- Opening Delimiter -

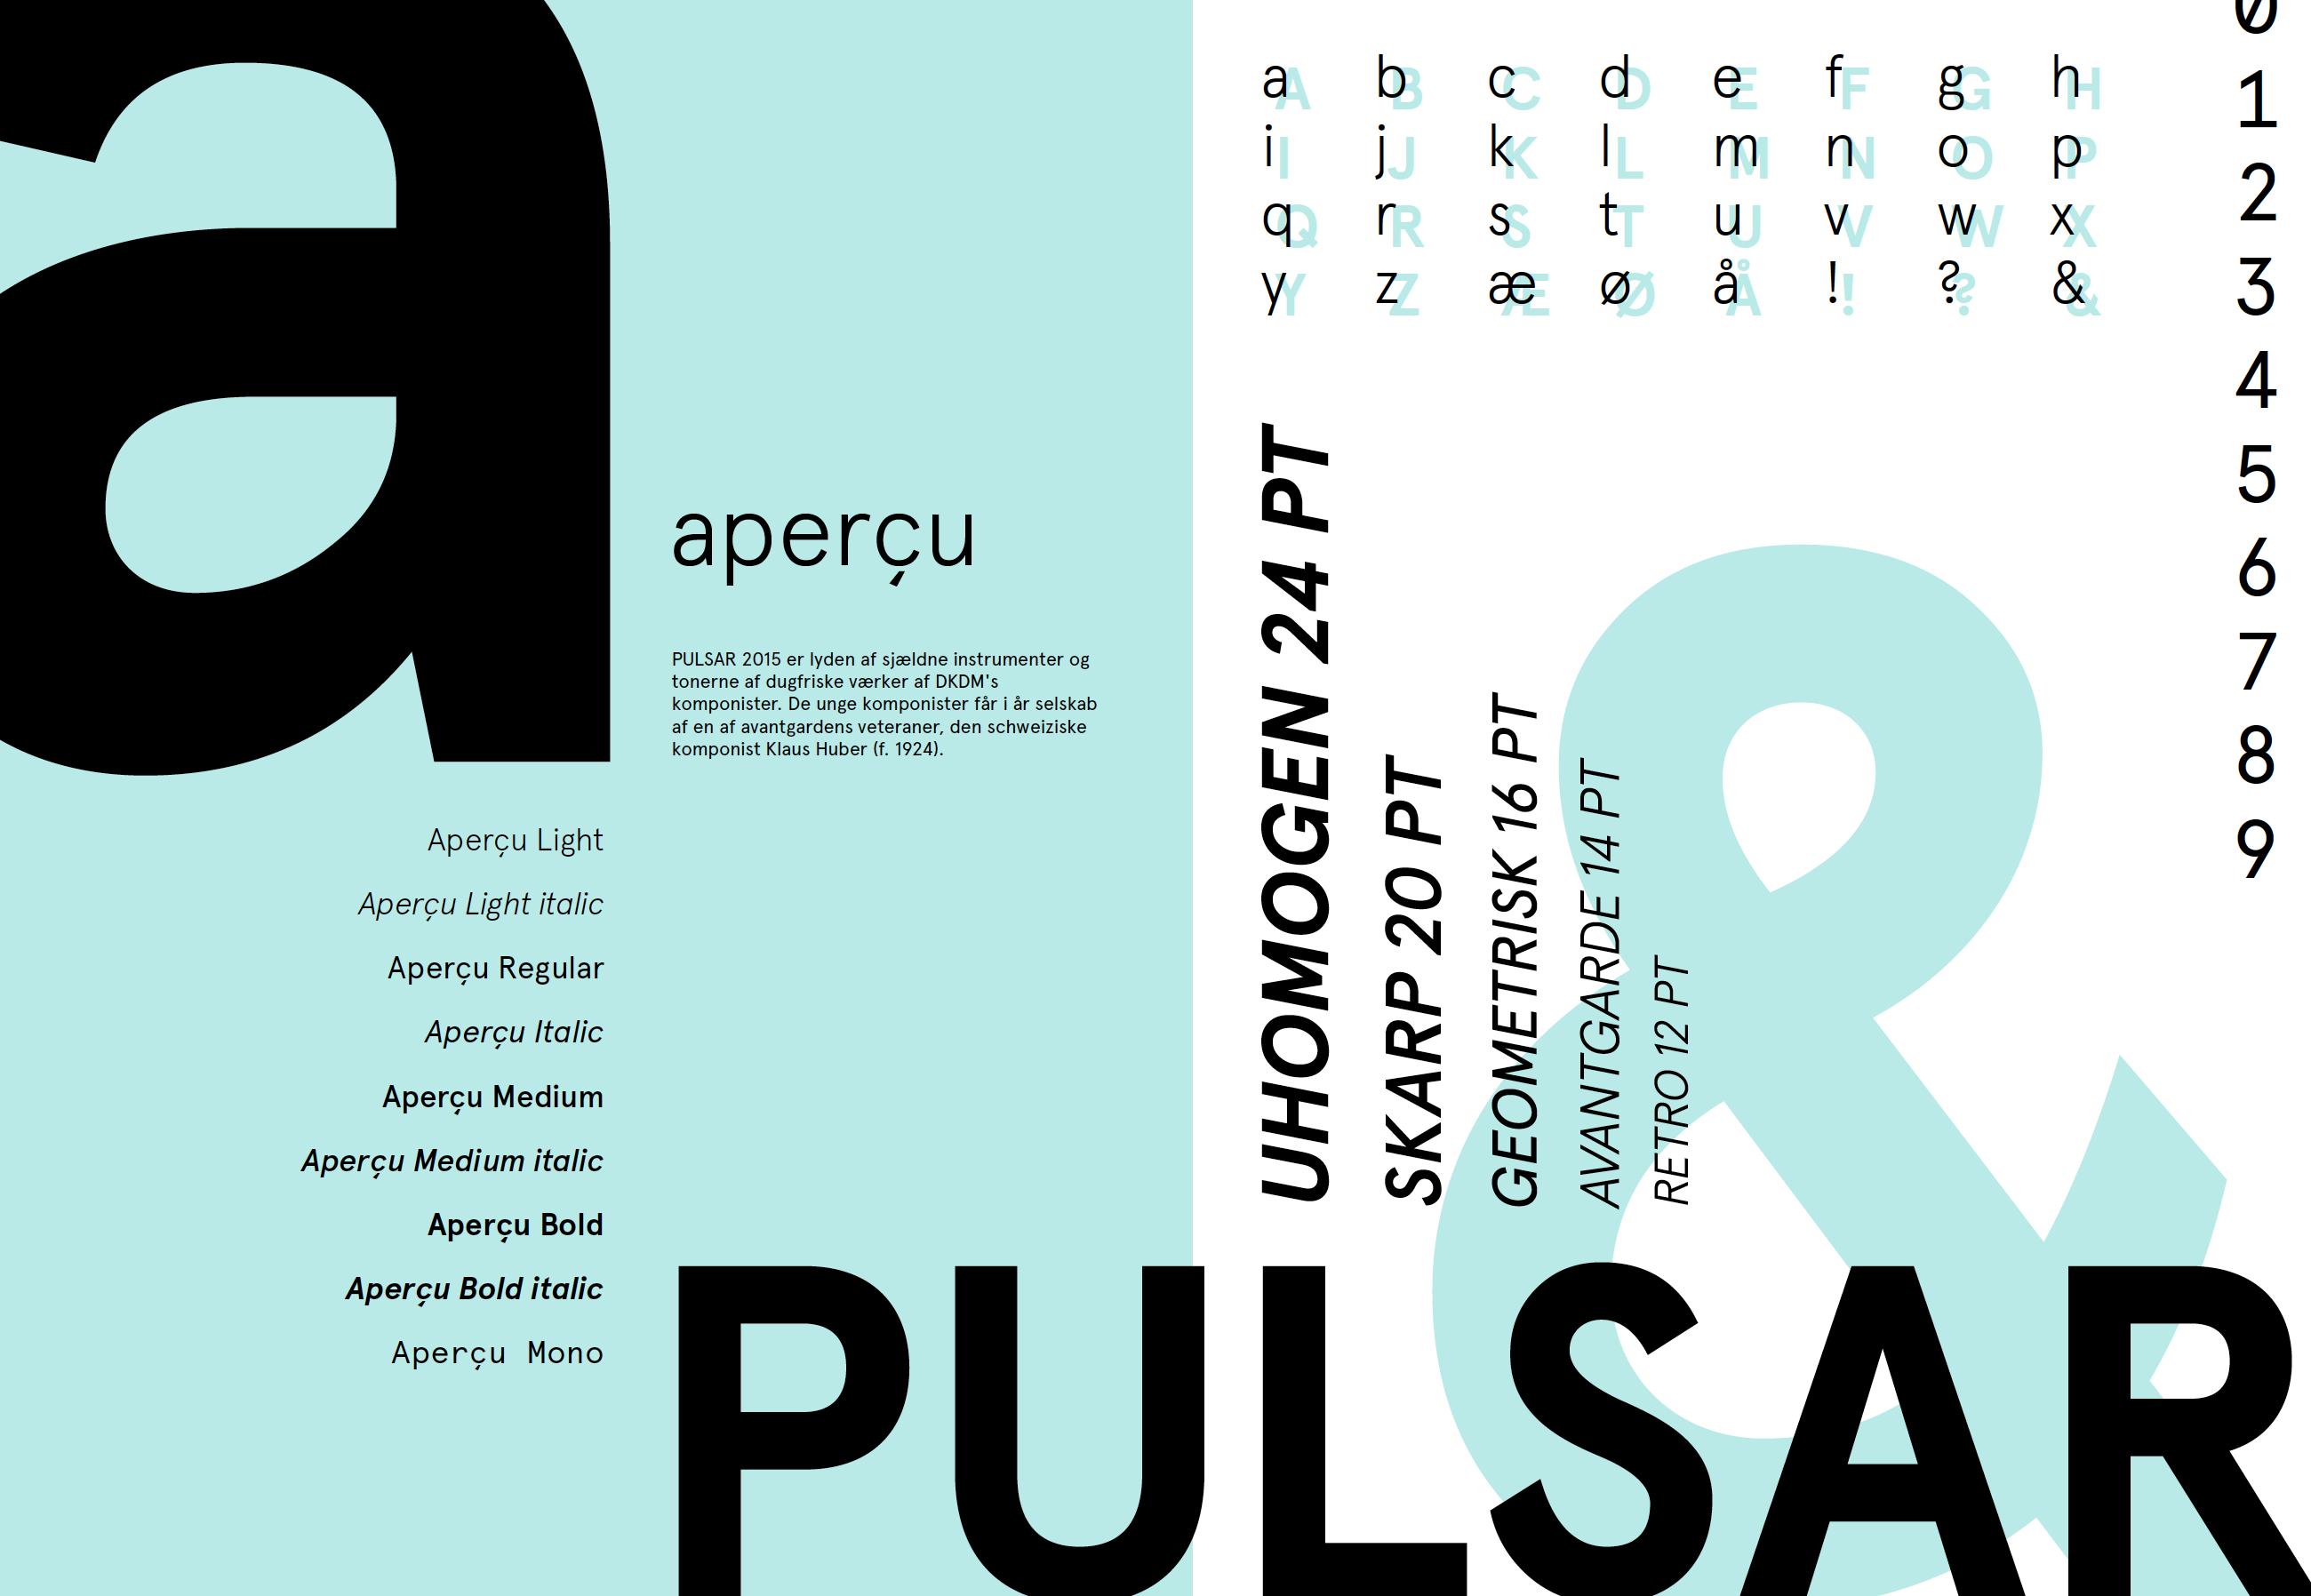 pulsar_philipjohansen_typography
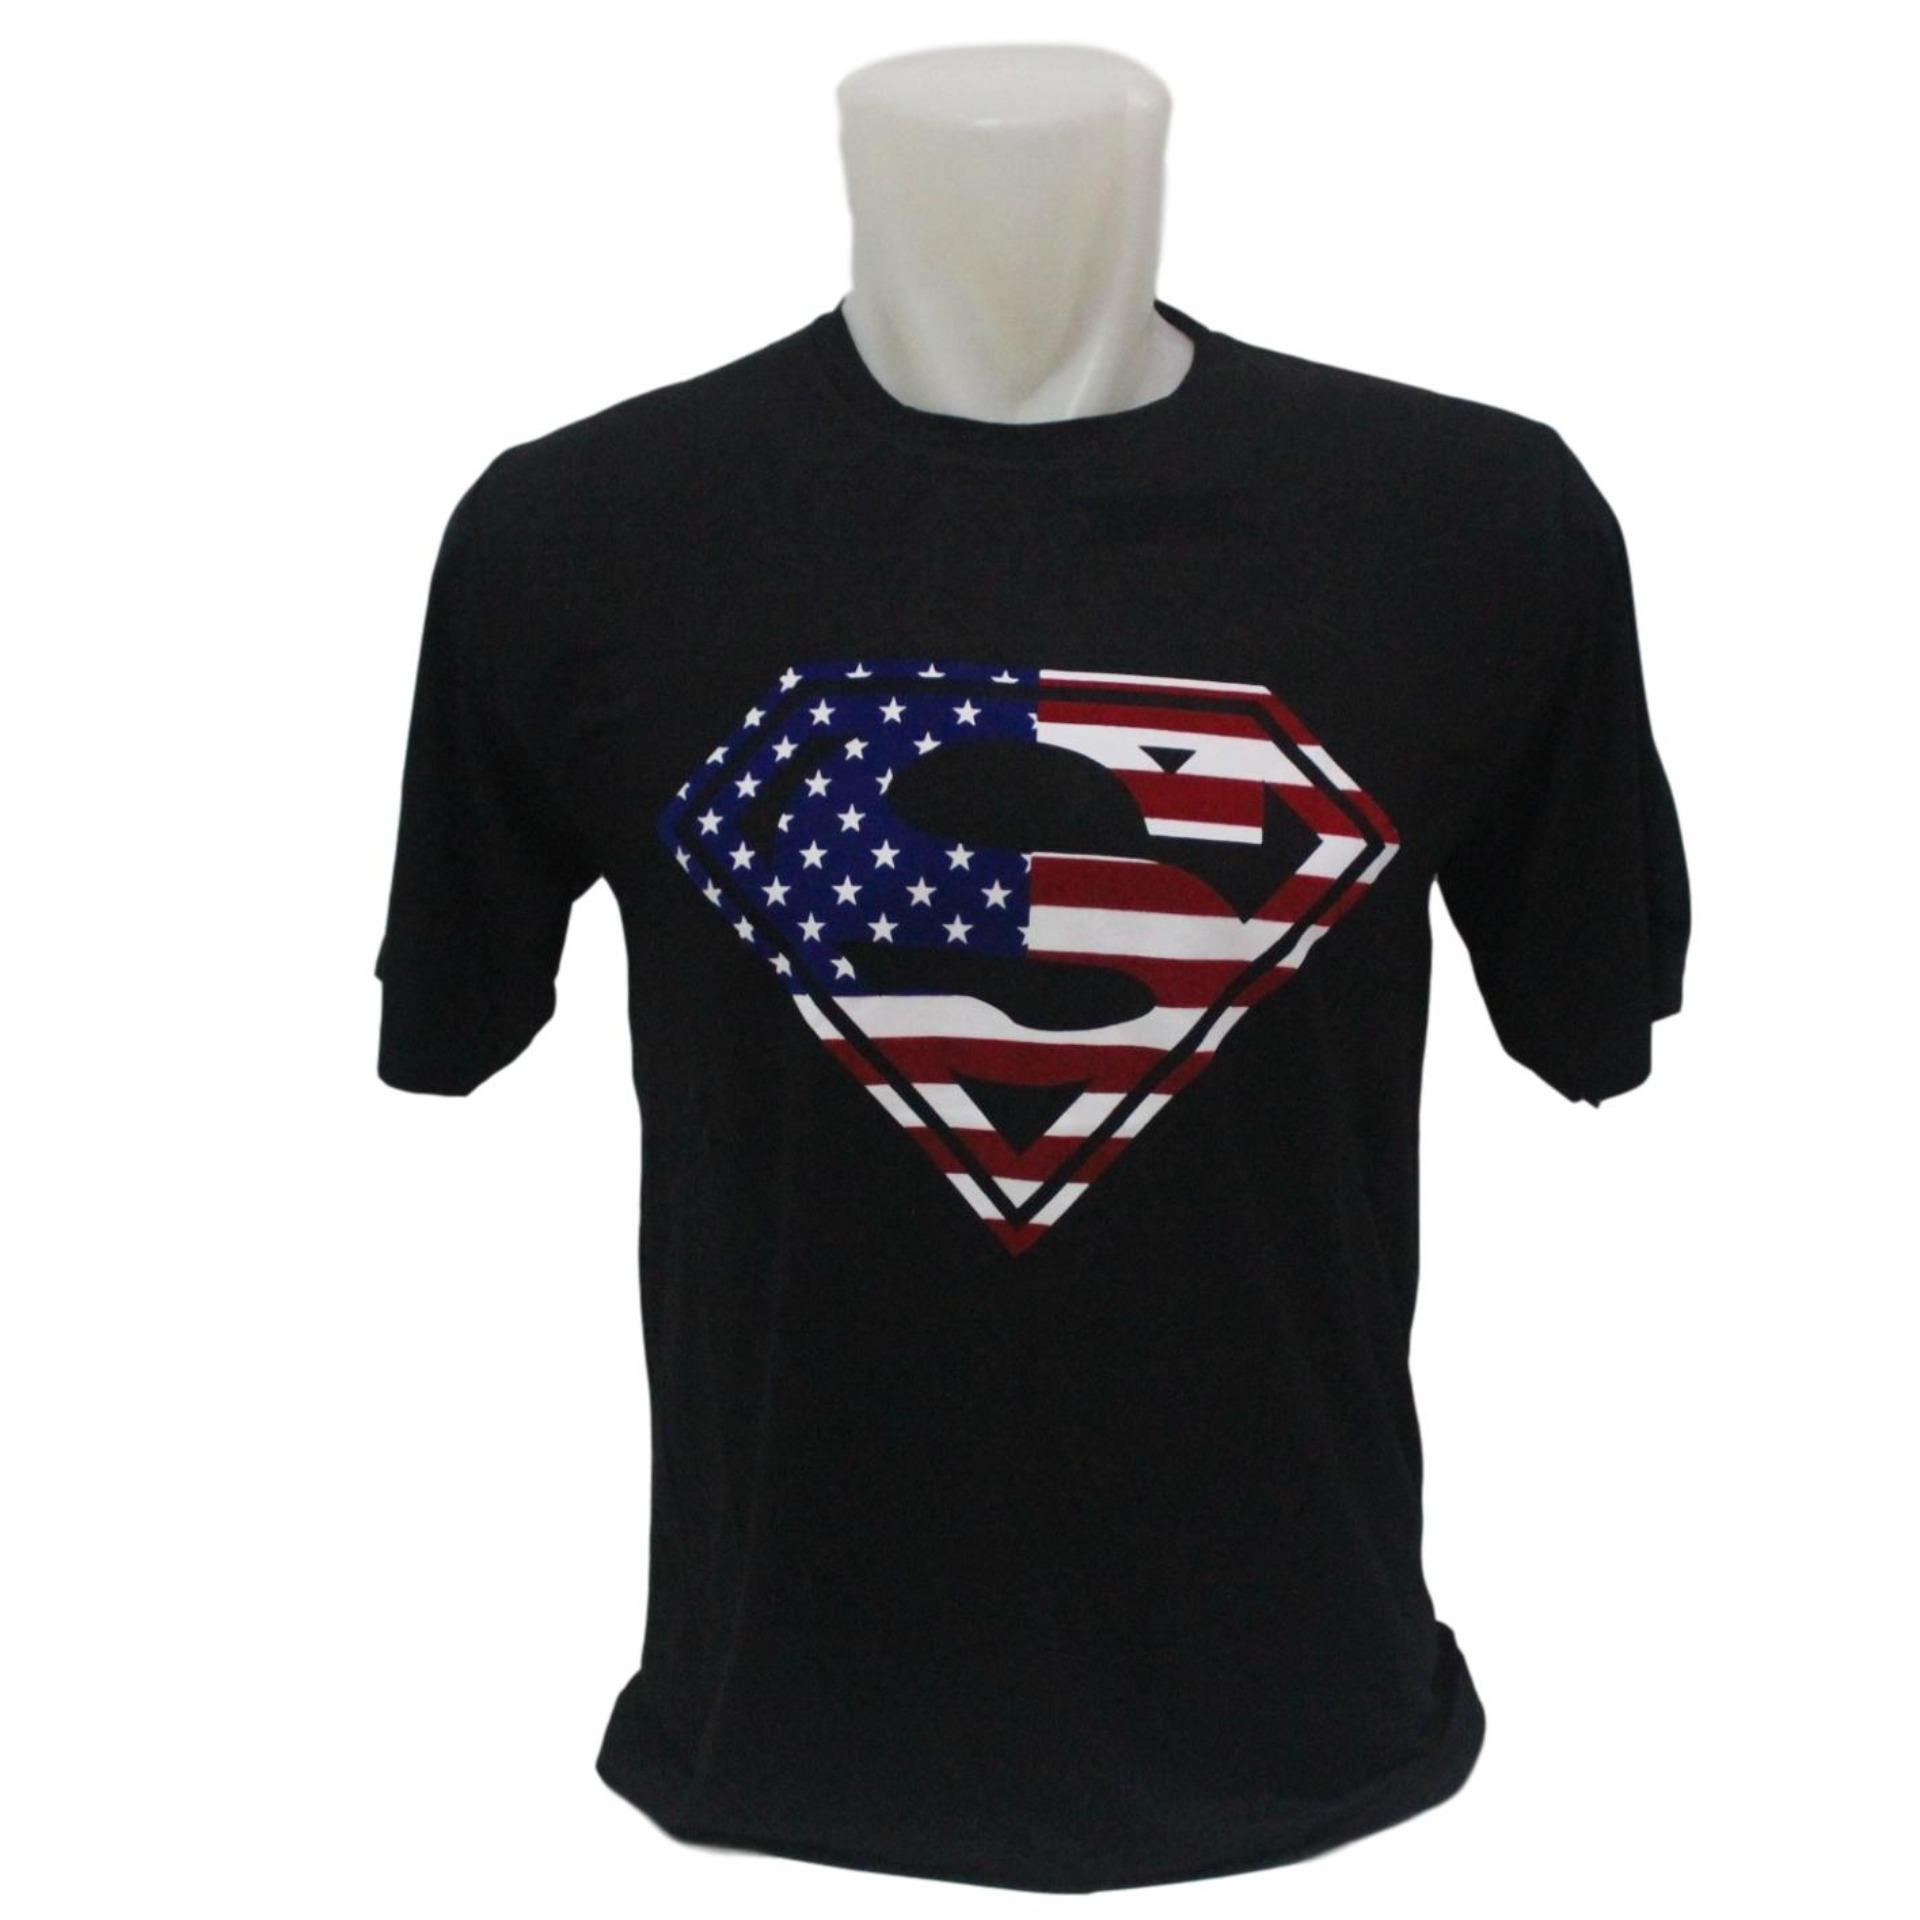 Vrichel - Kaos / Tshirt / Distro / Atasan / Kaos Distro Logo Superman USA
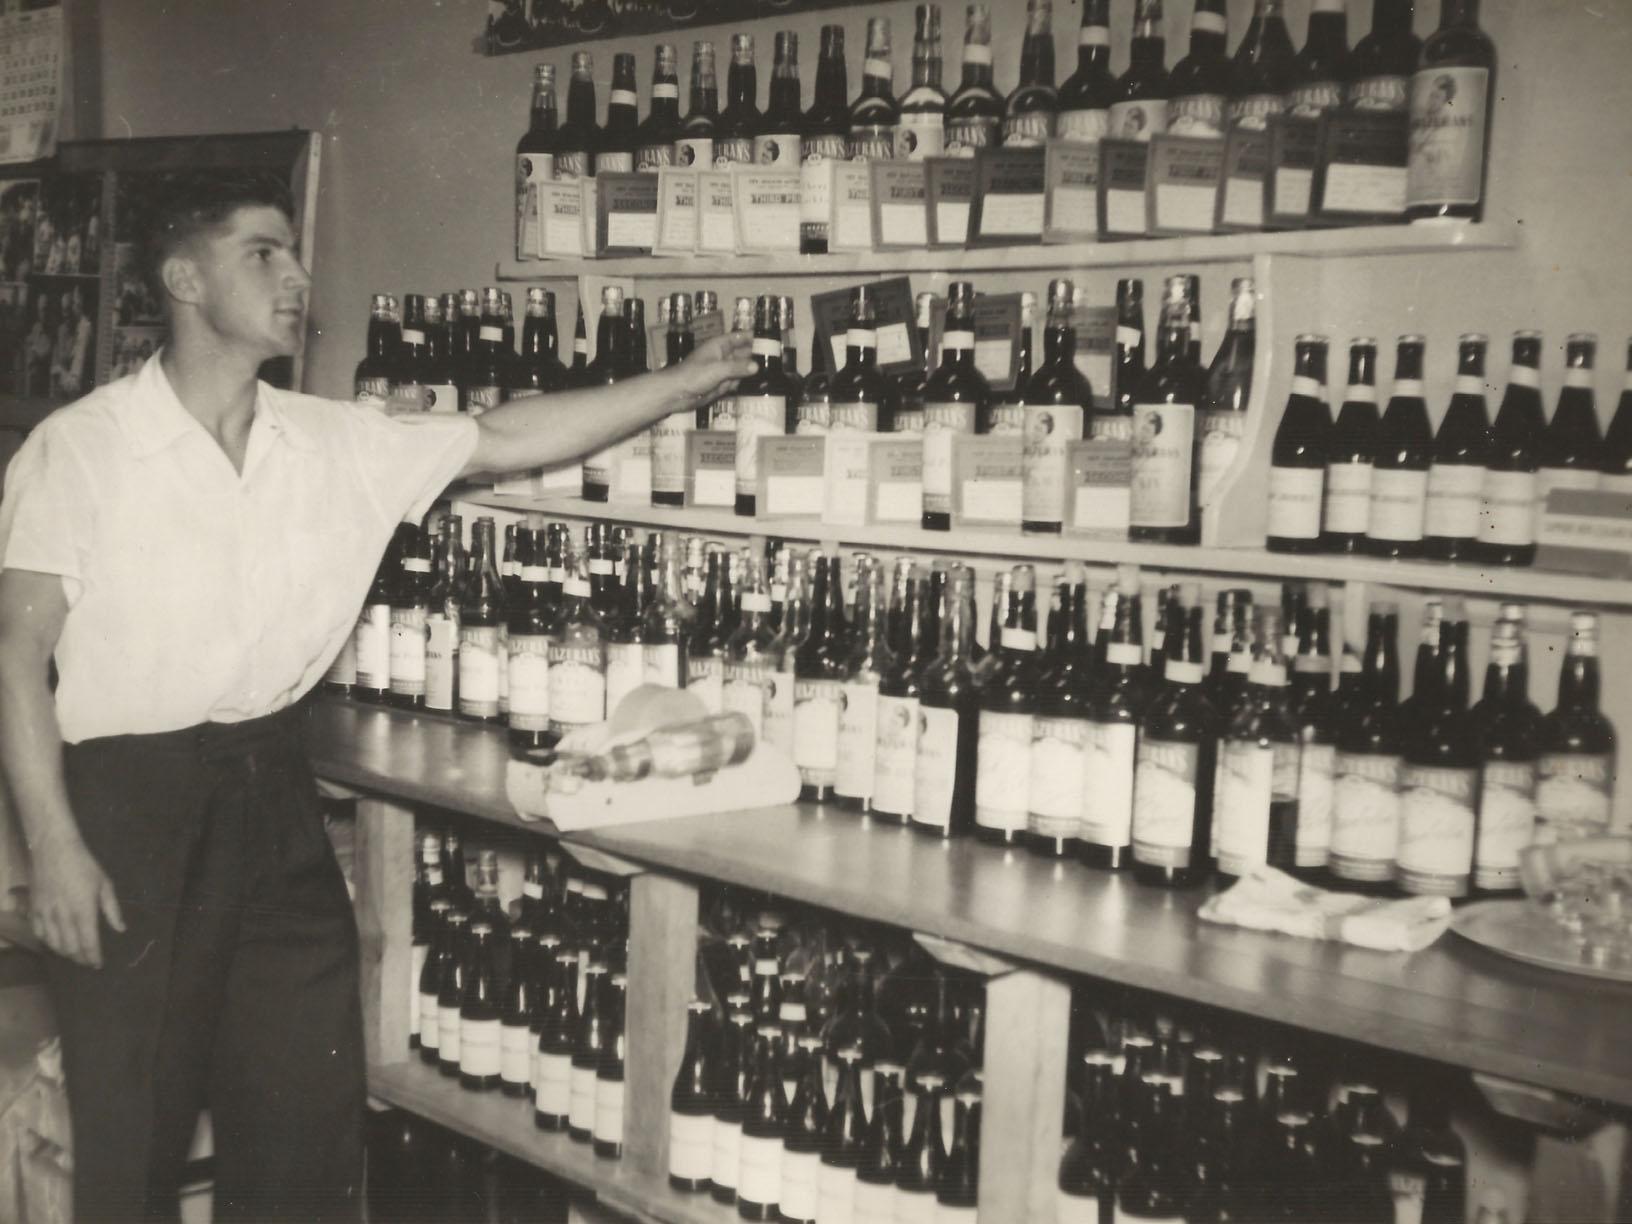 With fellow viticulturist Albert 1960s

- Closing Delimiter -

WHAT THE TASK ASKS: Each line above should be output exactly, apart from the pictures.

ANSWER BELOW:
 pulsar_philipjohansen_typography
 Vrichel - Kaos / Tshirt / Distro / Atasan / Kaos Distro Logo Superman USA
 With fellow viticulturist Albert 1960s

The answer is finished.